This economic team shares the deep concern of the Post about the consequences of a weakening currency. Since the current Cabinet took office, the economic team has been working hard to implement policies to strengthen the economy and the rupiah. We have been successful in a number of areas, as acknowledged by our partners.

In an important sense, the depreciation of the rupiah is at least in part a "monetary problem". Bank Indonesia, not the government, was given the responsibility by the current Central Bank Law to maintain the value of the rupiah. If monetary growth is too rapid, one will see the type of depreciation that we have seen over the past 18 months. As Ross McLeod of the Indonesia Project at the Australian University in Canberra pointed out on your editorial page "if inflation and depreciation of the currency get out of hand, the Central Bank must bear the blame". And the fact is the Central Bank Law provides one single objective for Bank Indonesia, i.e. maintaining the value of the rupiah.

The economic team supports the central bank's efforts to tighten the monetary policy, lower inflation and strengthen the rupiah. Wherever blame lies for our current predicament, there are a number of tough decisions that must be made.
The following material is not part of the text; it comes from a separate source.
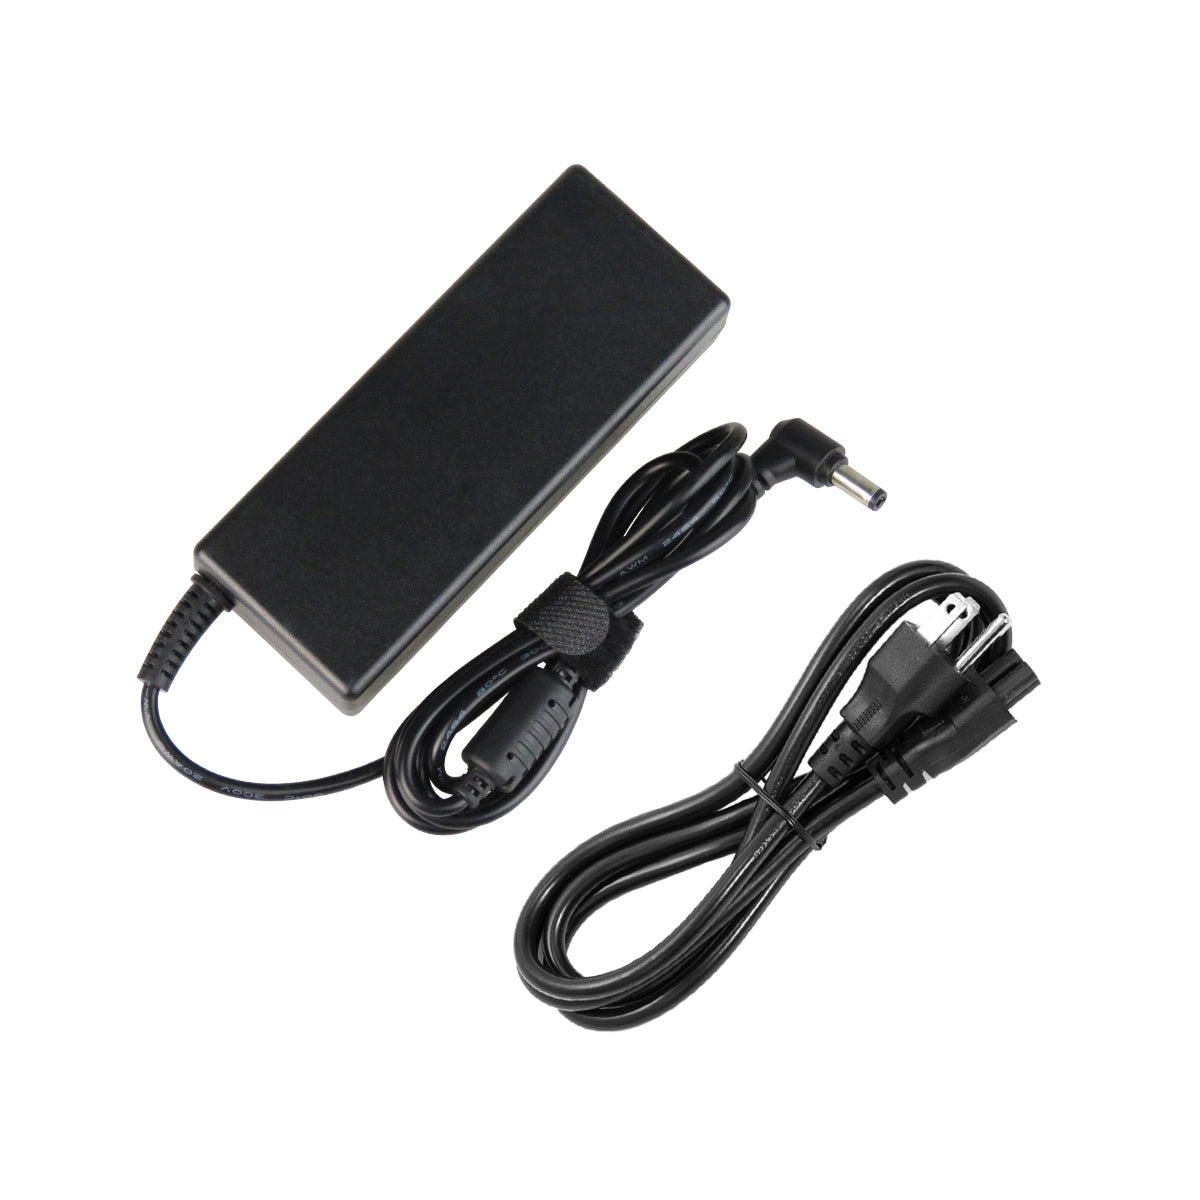 AC Adapter Charger for Lenovo IdeaPad Y580 Notebook.

For instance the weak rupiah and high interest rates that are needed to address them have completely undermined the 2001 budget as passed by the House of Representatives. Thus we now project that without dramatic adjustments to our policies, the budget deficit will balloon from 3.7 percent to 6 percent of Gross Domestic Product.

Since such a high deficit cannot be readily financed without fueling further inflation or forcing interest rates even higher, difficult times demand that hard choices be made. It is for this reason that the government is proposing a series of tough measures to the House. These will include reducing the burden of subsidies on the budget, an increase in the value-added tax and a reduction in development expenditures.

The House will have to make sure that it too can make hard choices. The nation cannot afford to ignore the budgetary problems in the hopes that it will somehow go away. Failing to act now will only further weaken the rupiah and cause further suffering for all Indonesians.

I would like to take exception to the short shrift your editorial gives to the accomplishments of the people of Indonesia last year. We should all be proud that despite the problems in the country last year, the economy grew at 4.8 percent and continued to grow at 4 percent into the first quarter of this year, driven by high levels of non-oil and gas exports, higher than precrisis levels. As stated by Coordinating Minister for the Economy Rizal Ramli when he took office in August 2000, his priority is first of all to push exports. That we now have the beginnings of a recovery, as indicated by the increased use of electricity and cement and increases in car production and sales of motorbikes, is in part due to the diligence of a well- coordinated economic team.

The economic team is now working to implement a comprehensive set of economic policies that will improve the productivity of Indonesian capital and labor so that our products are competitive in world markets irrespective of the value of the rupiah.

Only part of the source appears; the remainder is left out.